И руки Стивен упали с плеч Анджелы, и она крепко сжала губы, чтобы ни одно возражение не сорвалось с них больше; она не имела права возражать.
Глава двадцать первая
1
Этой осенью семейство Кросби отправилось в Шотландию, а Стивен – в Корнуэлл, вместе со своей матерью. Анна была нездорова, ей нужна была перемена обстановки, и врач рассказал им об Уотергейтской бухте, вот почему они уехали в Корнуэлл. Стивен было неважно, куда ехать, потому что ей не было позволено присоединиться к Анджеле в Шотландии. Анджела стояла на своем довольно твердо: «Нет, дорогая моя, это не годится. Я знаю, что из этого устроит Ральф. Я не могу разрешить тебе следовать за нами в Шотландию». И на этом вопрос был закрыт.
И теперь Стивен сидела и мрачно размышляла над своей проблемой, а Анна мирно читала, не задавая никаких вопросов. Она редко беспокоила свою дочь вопросами, редко даже выказывала интерес к ее письмам.
Время от времени из Мортона писала Паддл, и тогда Анна говорила, узнавая почерк:
– Все в порядке?
И Стивен отвечала:
– Да, мама.
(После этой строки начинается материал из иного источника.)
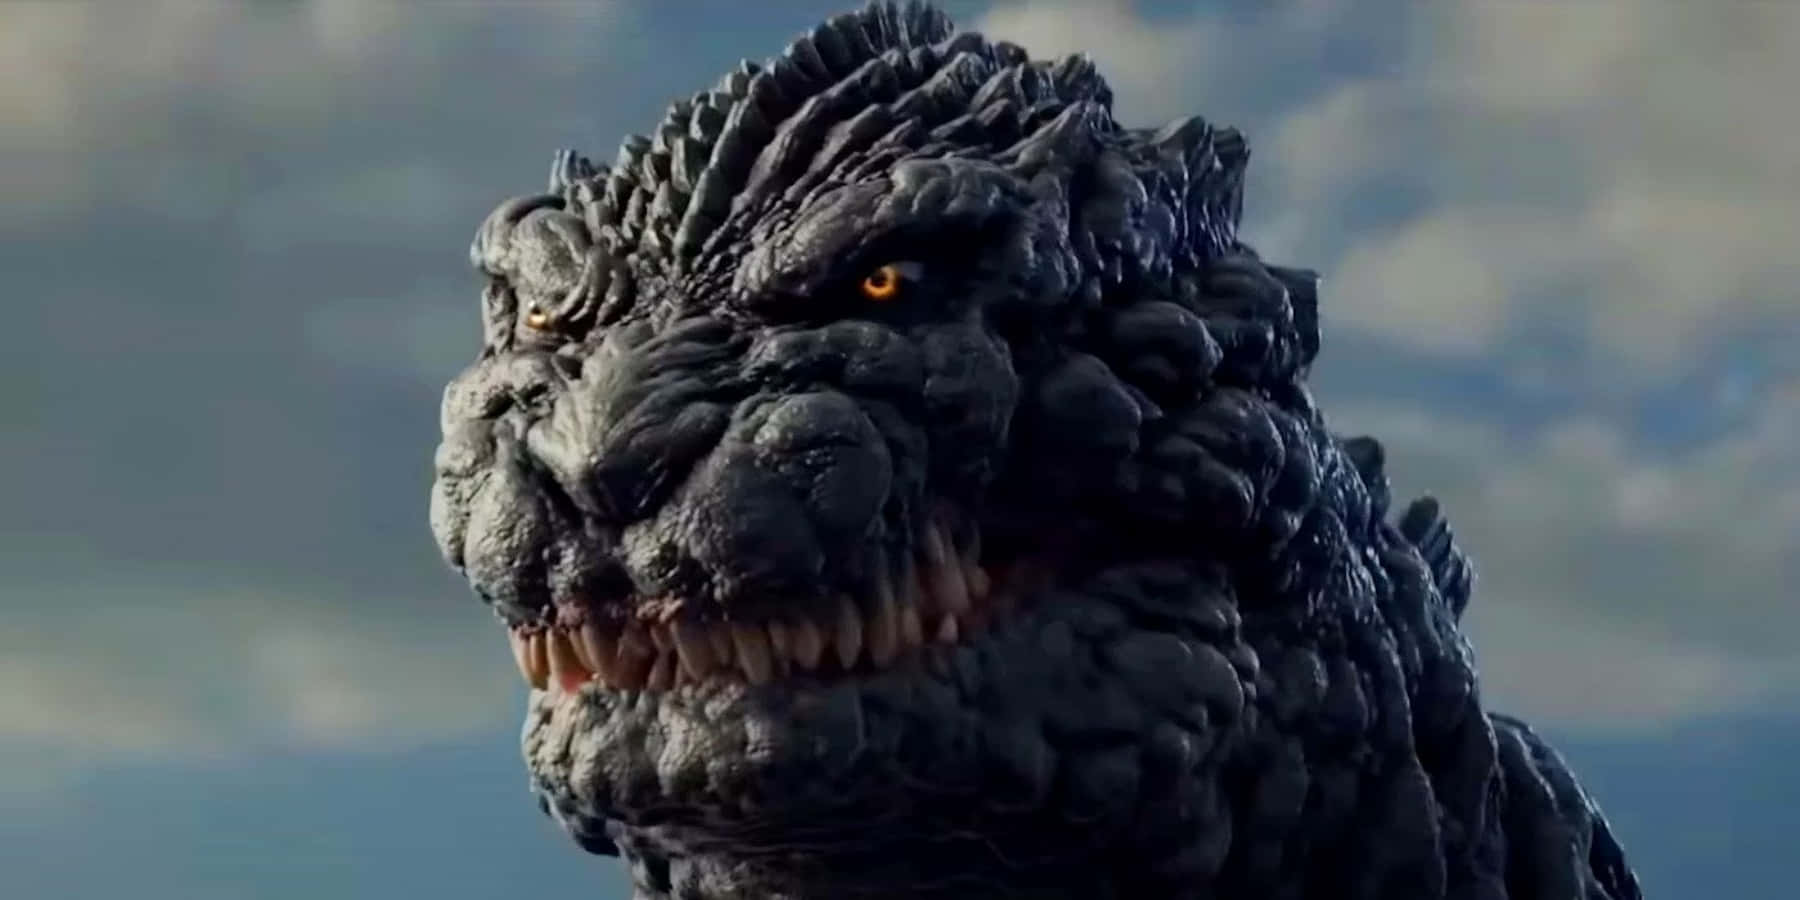 Godzillanahaufnahme Mit Himmel-hintergrundbild

Паддл пишет, что все в порядке.
Как все и было – в Мортоне.
Но вести из Шотландии, казалось, совсем не торопились. Письма Стивен часто оставались без ответа; а те ответы, которые она получала, никуда не годились, потому что осмотрительность Анджелы служила ей очень строгим цензором. Самой Стивен, как она обнаружила, приходилось писать очень осторожно, чтобы умиротворить этого цензора.
Дважды в день она заходила к портье, доброму человеку с красным лицом, который симпатизировал влюбленным.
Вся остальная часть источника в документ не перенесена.